STATS 2DA3 Fall 2024 ASSIGNMENT 1

Hello, if you have any need, please feel free to consult us, this is my wechat: wx91due

STATS 2DA3 Fall 2024
ASSIGNMENT 1

Submit through Crowdmark.
Due before 5pm on Tuesday, September 24th.

Assignments submitted up to 24 hours late will incur a 30% penalty.
Assignments submitted more than 24 hours late will receive a zero grade.
Answer all questions (read the “Assignment Standards” at the end of the assignment).
Not all questions carry equal marks.
All graphs must be labelled (including axes).

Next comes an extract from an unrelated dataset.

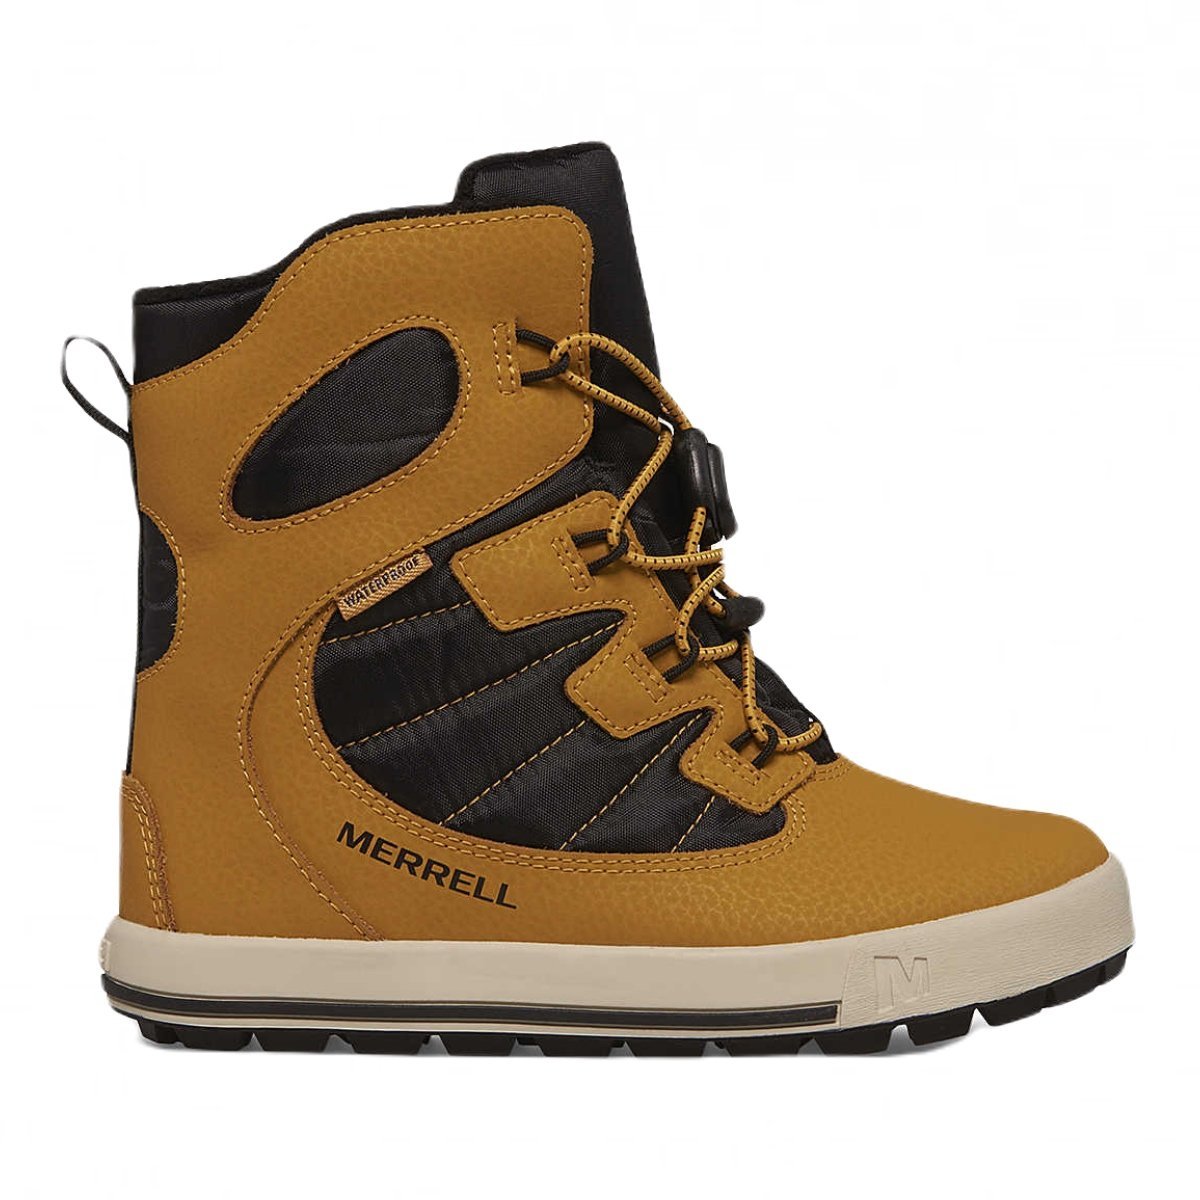 Взуття Merrell Snow Bank 4.0 WTPF J MK267146 - коричневе / чорне
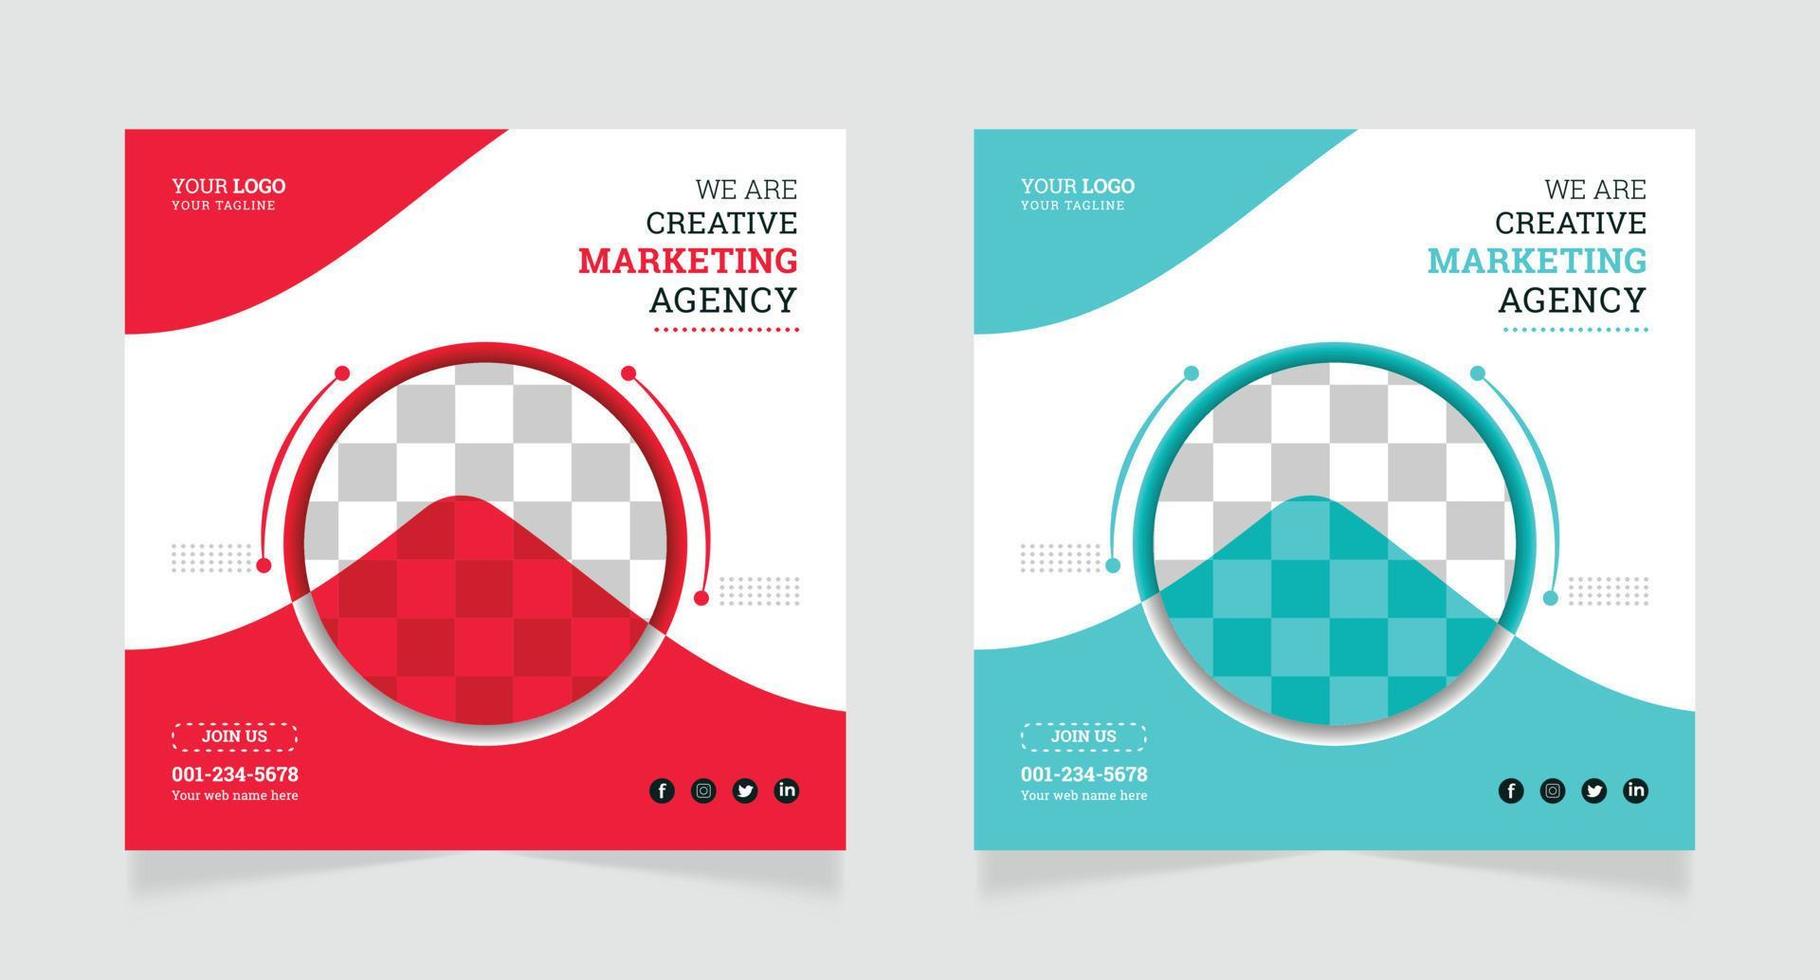 Digital marketing agency social media and instagram post design template vector

Plagarism detecting software, for detecting similarites to other students work, as well as to online sources, may be used.

Assignments should be done individually, i.e. do not collaborate with other students on your assignment.

1. (10 MARKS) Using the iris dataset which is available in R, answer the following questions:

  • Use one or two lines of R code to display how many rows and columns are in the dataset. (i.e. do not just output all observations in the dataset. Write some code that will output the required information).
  • Which variables are categorical and which are continuous?
  • Graph 1: Using the ggplot function, make a scatterplot of “Sepal.Length” against “Petal.Length” (putting “Sepal.Length” on the x-axis).
    • Make the data points blue.
    • Label the x-axis Sepal Length.
    • Label the y-axis Petal Length.
    • Label the graph Iris Data.
  • Graph 2: Use ggplot to make a bar chart (geom bar) displaying “Species”. “fill” using “Species” (i.e. each species of iris should be a different colour on the graph).
  • Display graphs 1 and 2 in one image using R code (i.e. do not just screen grab the 2 images and combine them).
2. (3 MARKS) Consider the plot below; it displays information on Vehicle Type and on the associated drive train. There are 3 different types of drive train : 

4 = four wheel drive, f = front wheel drive, r = rear wheel drive.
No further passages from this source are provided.